Thursday, May 24, 2018

by the book


Back before the NYT destroyed, or blandified, its Book section, it used to have a regular feature called By The Book. This consisted of questions like: What books are currently on your night stand? Who is your favorite novelist of all time? And your favorite novelist writing today? Do you have a favorite genre? Any literary guilty pleasures?

Etc. These questions form a sort of program: the writer – the novelist – is part of a profession, and spends his or her time reading and judging texts, which are also part of the profession. Even social time is professionalized: “You’re hosting a literary dinner party. Which three writers are invited?”
The limits of this set of questions imply an image of what the writer – and here, I am mostly talking about the writer of fiction, or poems, or essays, or memoirs – does as a laborer. The NYT is traditionally for management, so the questions are never about the means of production, as in, what do publishing  houses do correctly or not, what do you think about your book’s publicity, etc. Nor about the interaction between reader and writer.

Nor, going a bit further, is the writer contextualized in a broader culture. For instance, I don’t think I’ve ever read anybody ask about oral storytellers.

I consider this a bit odd. I know that myself, I used to like to go into Panera in Santa Monica, get a coffee, and listen to the old codgers bitch and brag to each other, sounds which fed into certain parts of my novel. But more than that, I am sure the stories I listened to when I was a wee little pea and my parents were giants gave me a total, preliminary sense of narrative possibilities. Not that I am special in this respect – you can hear narrative patterns passed along, generation to generation, from family member to family member. And you can hear characteristics that belong to vocation.

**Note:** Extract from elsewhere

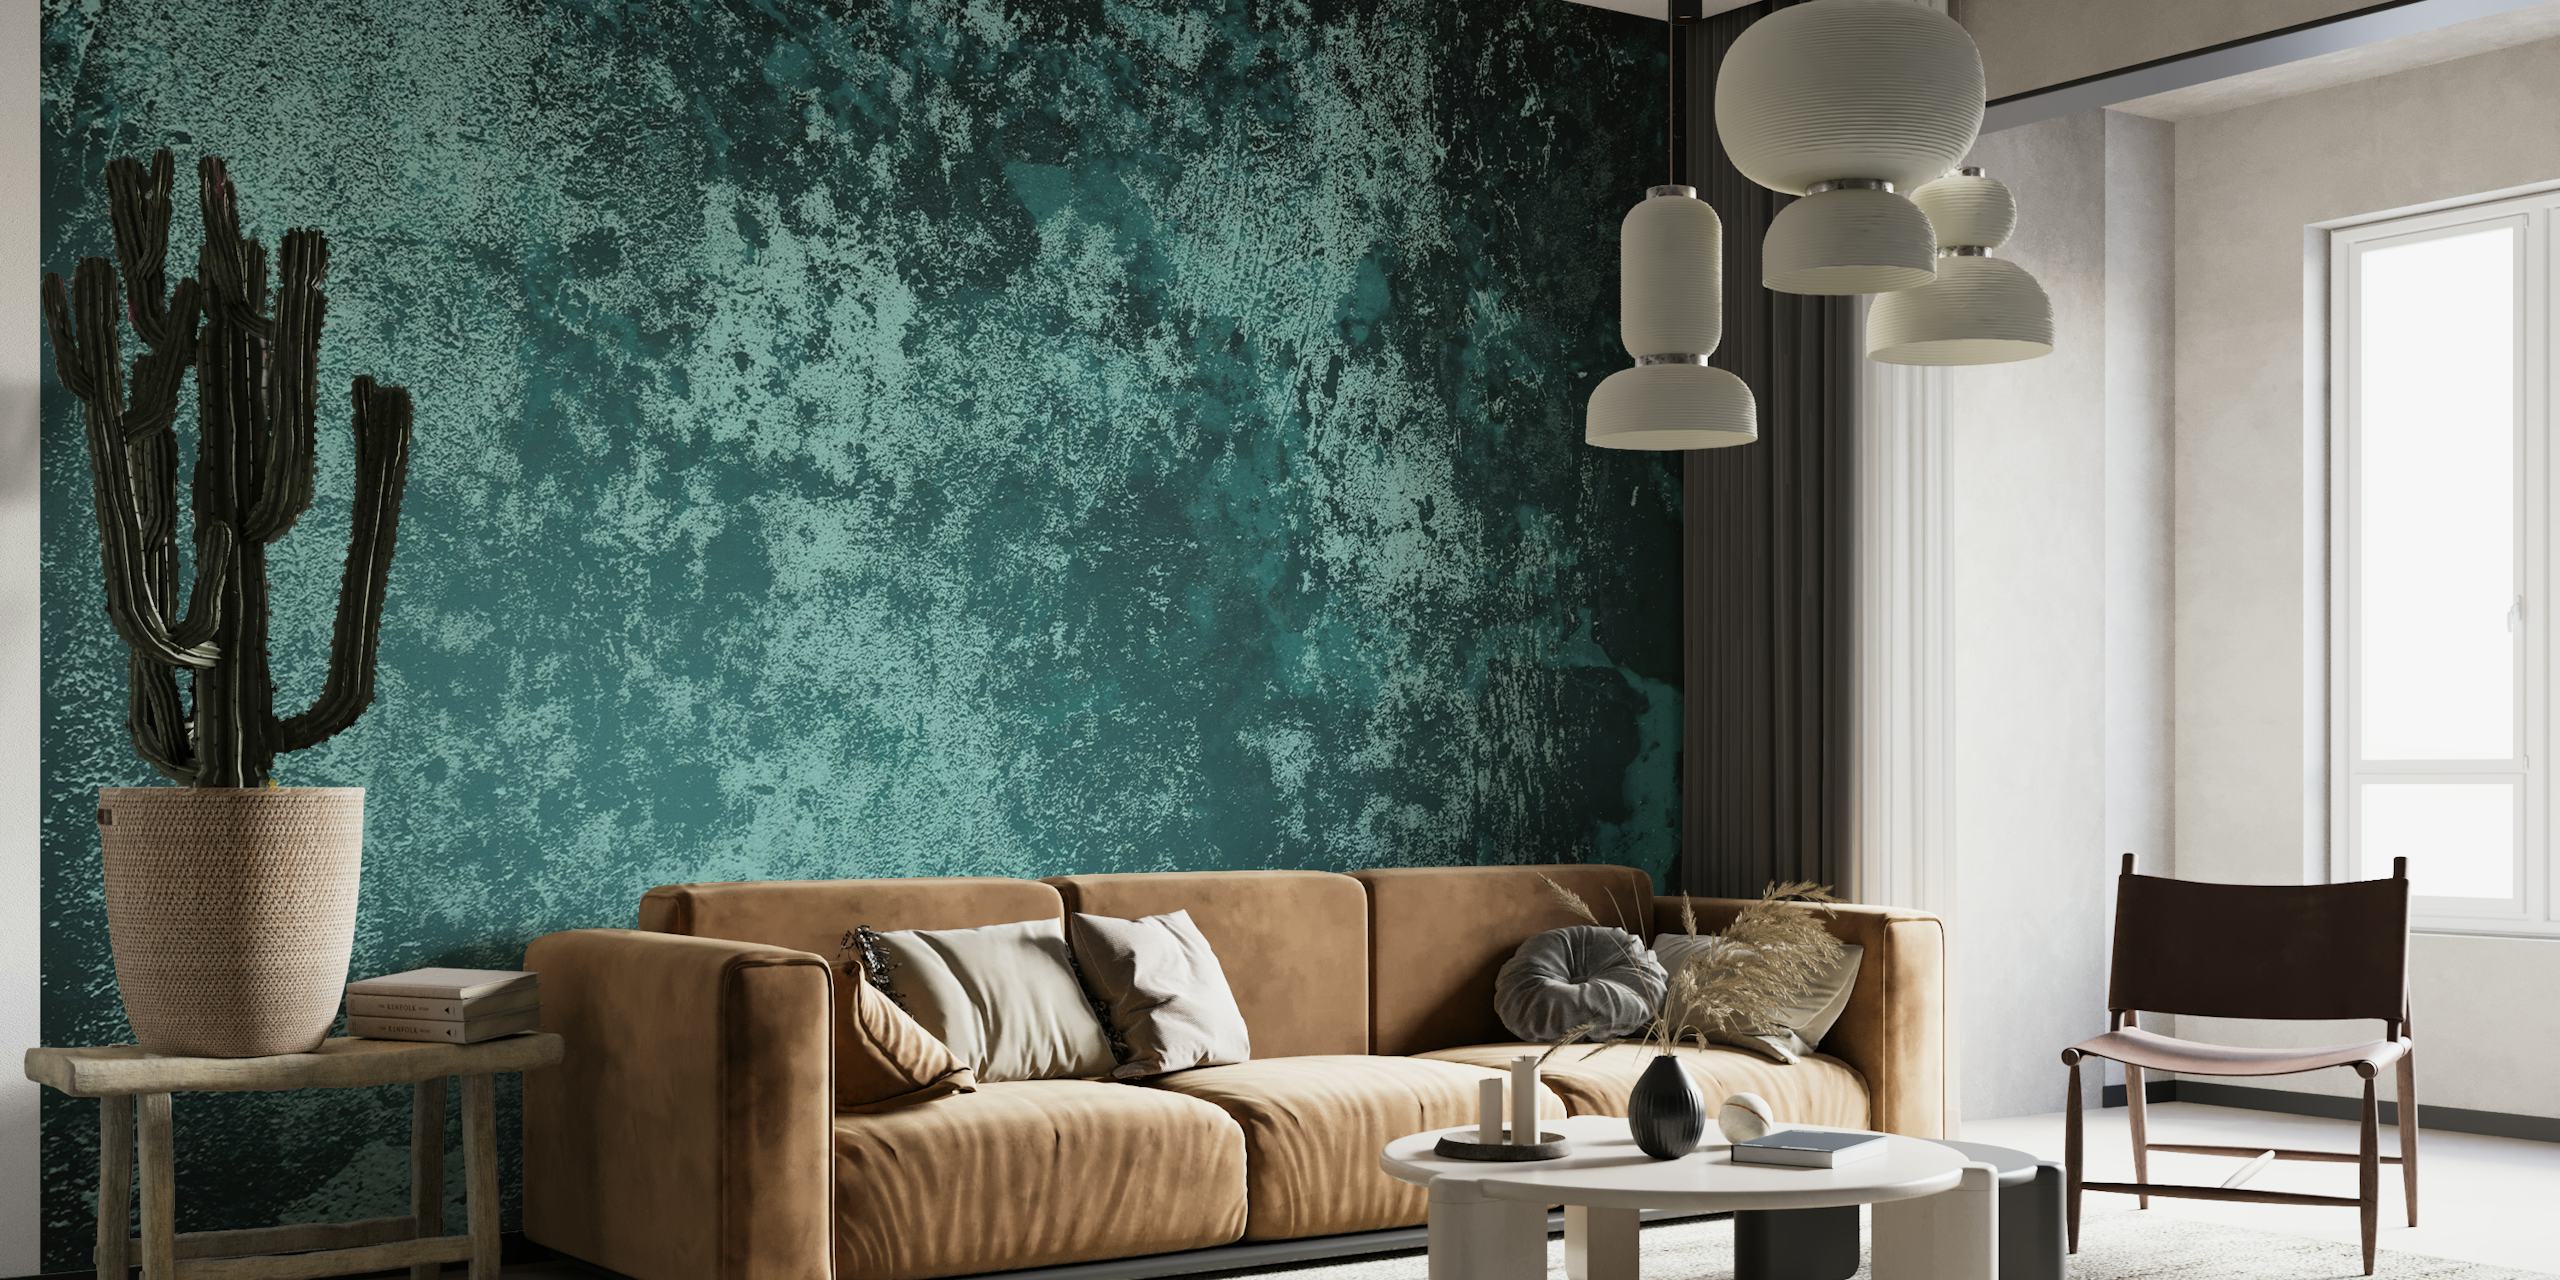 Concrete texture in teal blue ταπετσαρία
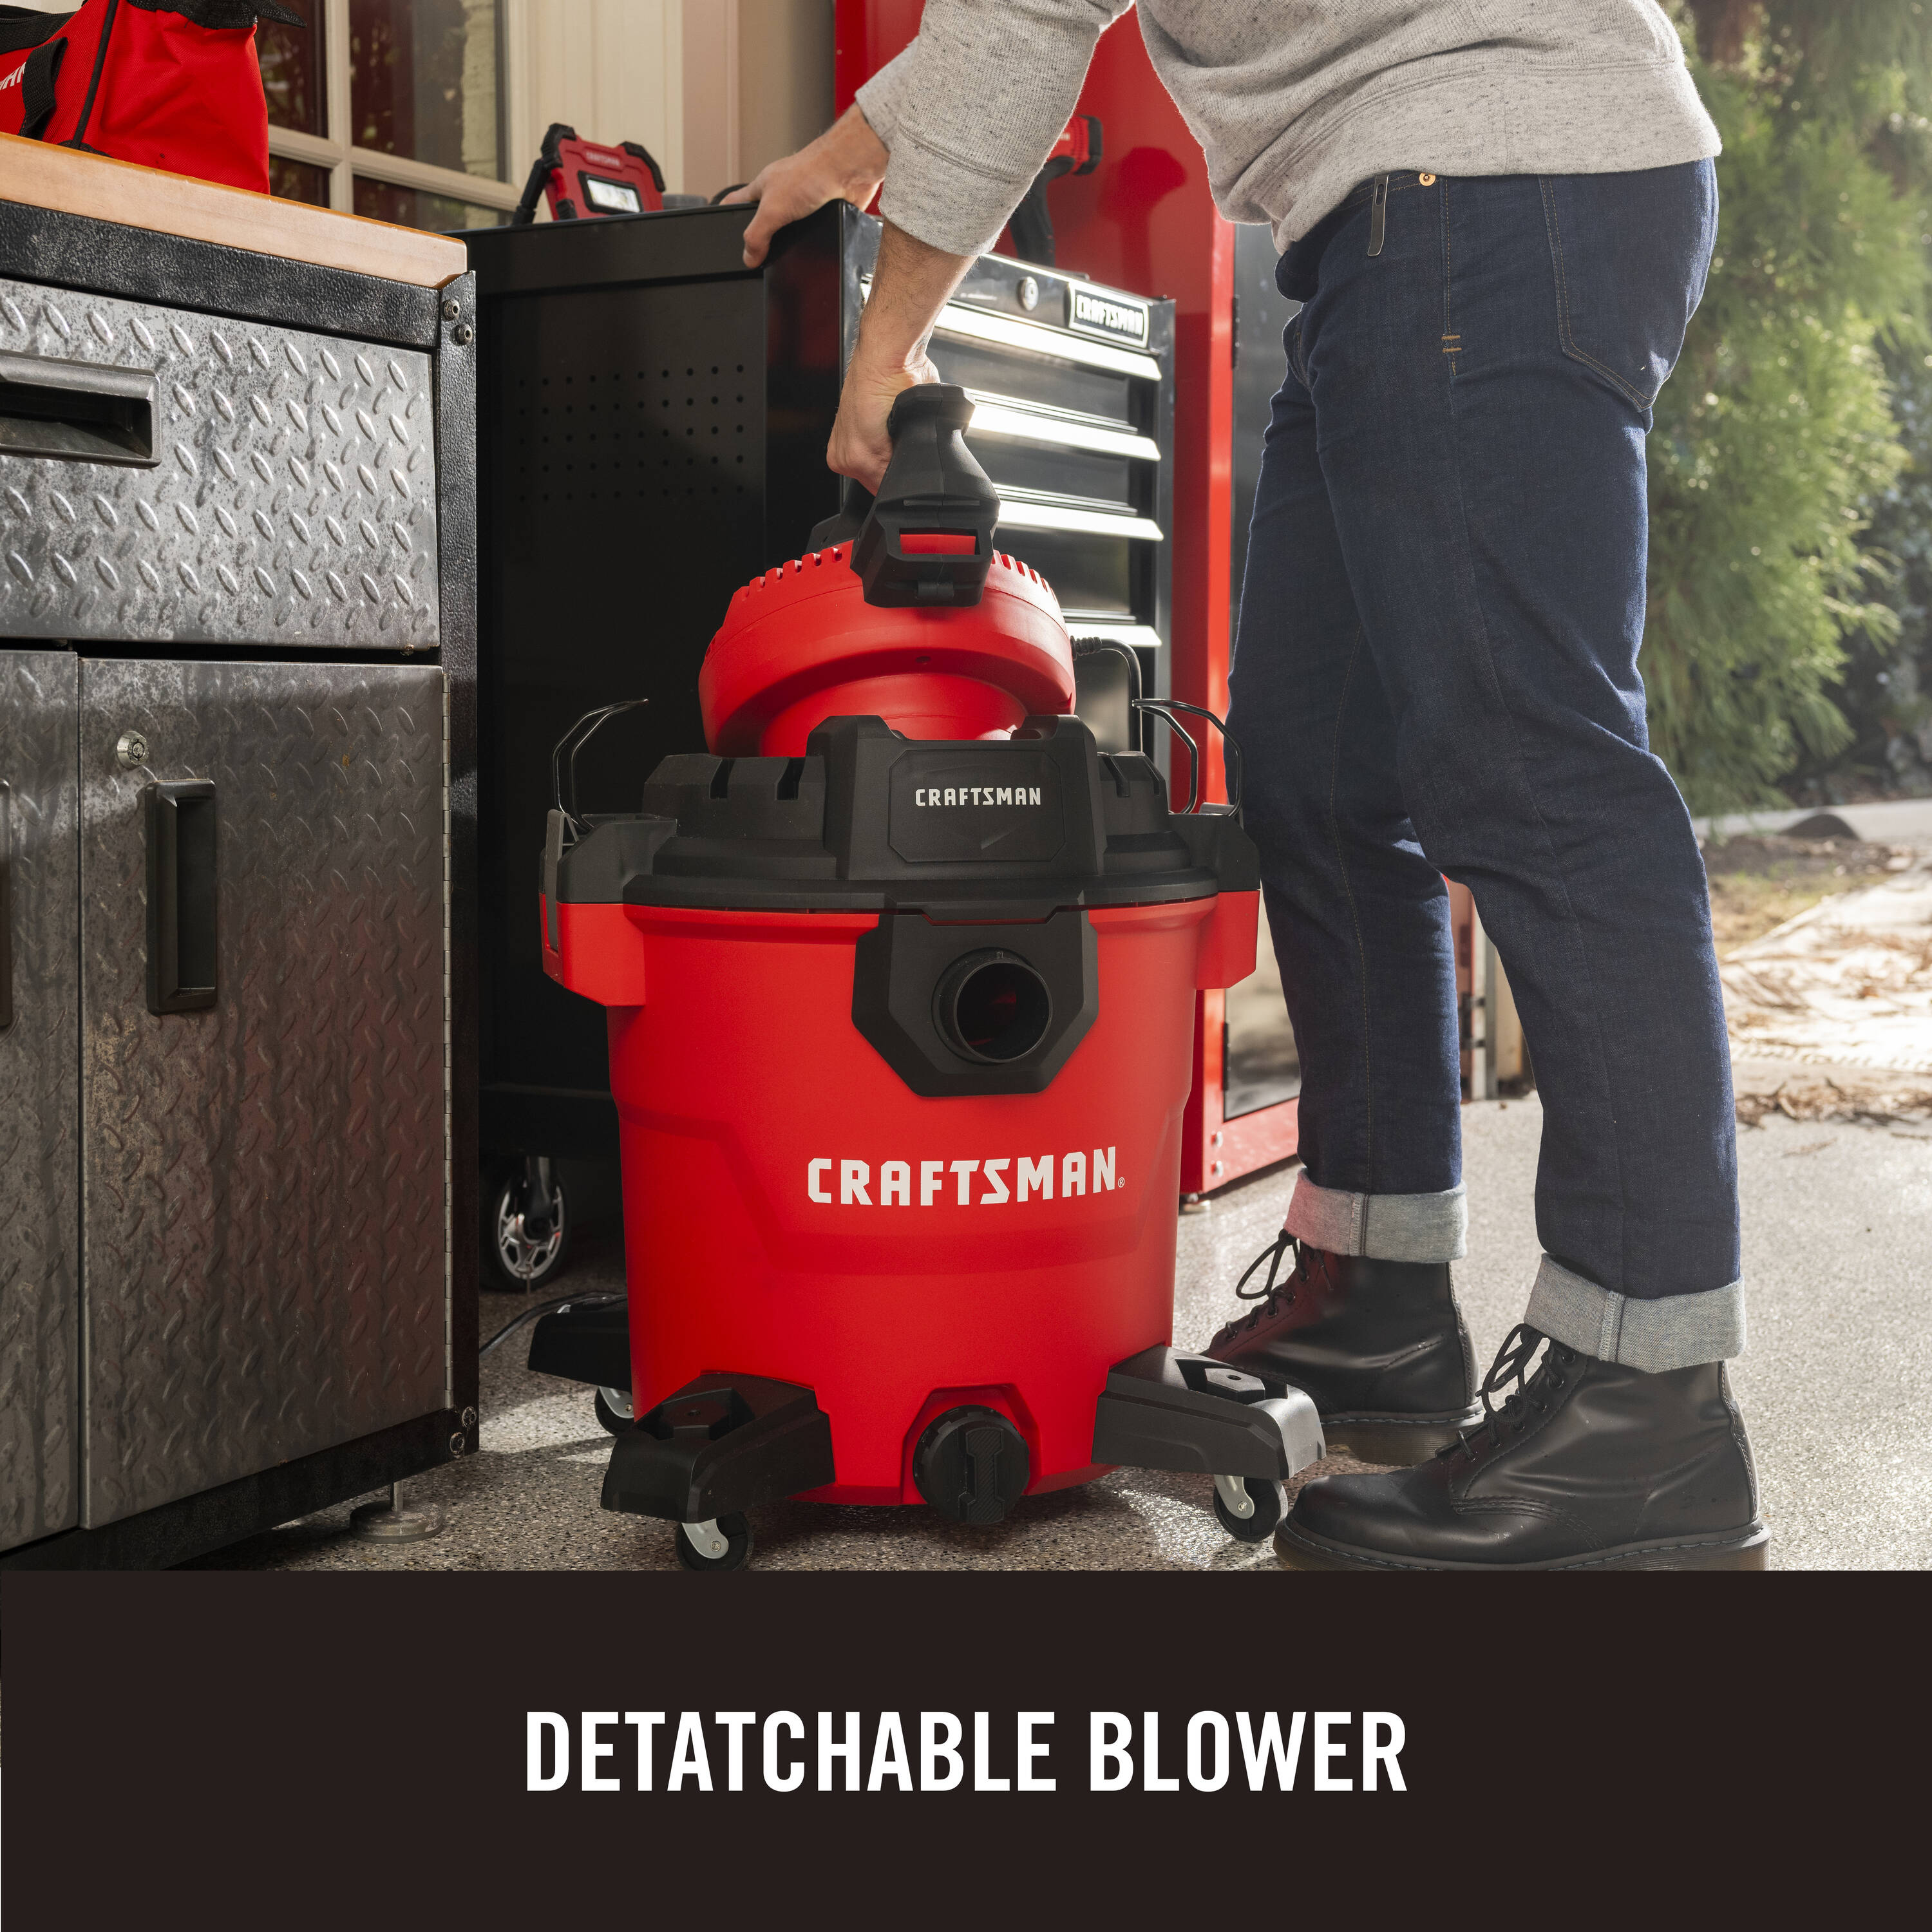 CRAFTSMAN Detachable Blower 12-Gallons 6-HP Corded Wet/Dry Shop

 My pop was an air conditioning man – he did the range of things, from working in a research laboratory (which he hated with all his heart) to repairing or installing hvac systems in businesses and institutions, to selling the machinery. It was the repairing and installing part that formed the heart of stories that usually had the motif: pops vs. idiot. The idiot could be the local repairman, the person running the business or institution, or the backup in the company, but most definitely the adventure of putting in hvac required an idiot to make the story juicy. Not that the stories were always so juicy by Hollywood standards. They often involved descriptions of working in impossible spaces in impossible conditions – small places in steamy hot weather, crawl spaces filled with toads and bugs, etc.
One of the formally interesting things about these stories is that they were sorta diagrammed: that is, repair work requires a pretty clear beginning, middle and ending. You begin with the problem (usually the result of some idiot making unbelievable mistakes installing some unit), you advance towards the solution (usually involving some hazardous or bizarre repair that might require doing certain things no normal man would do, such as dealing with electricity in a flooded, dark basement), and the solution comes about because of your action. Epic, really.

My Dad didn’t do certain things in his stories. For instance, I can’t recall him ever imitating anybody’s voice. I myself love to imitate accents. I like this not so much to mock those accents but to expand my musical range, although of course I know the usual thing about imitating accents is to mock their departure from some pre-supposed norm – everyday racism, innit?

My Mother’s stories were more complicated. This is because she worked as a school secretary, which  involved the more sinuous lines and complexities of human behavior, on various scales. There were many less idiots in her adventures, but many kids acting out, teachers having fits, and parents with many woes, which of course they told Mom. If the structure of my Dad’s stories had a classic cast not so distant from the old Writing Program dictate of showing and not telling, my Mom’s were closer to the underground of gossip and rumor, where telling is all and showing is a matter of glimpses and interpretation.
Of course, these are extreme paraphrases of my parent’s styles – but they certainly connect the act of writing to the natural life of language. I do think, like an old Commie, that you have to baptize the book in the stream of life of the people. That doesn’t mean making the book dumber – oh contrah, as they say around here. Ulysses is my notion of a novel that successfully takes its orientation from oral culture and the oldest of bookish traditions. It is ultimately a DIY novel, the best kind.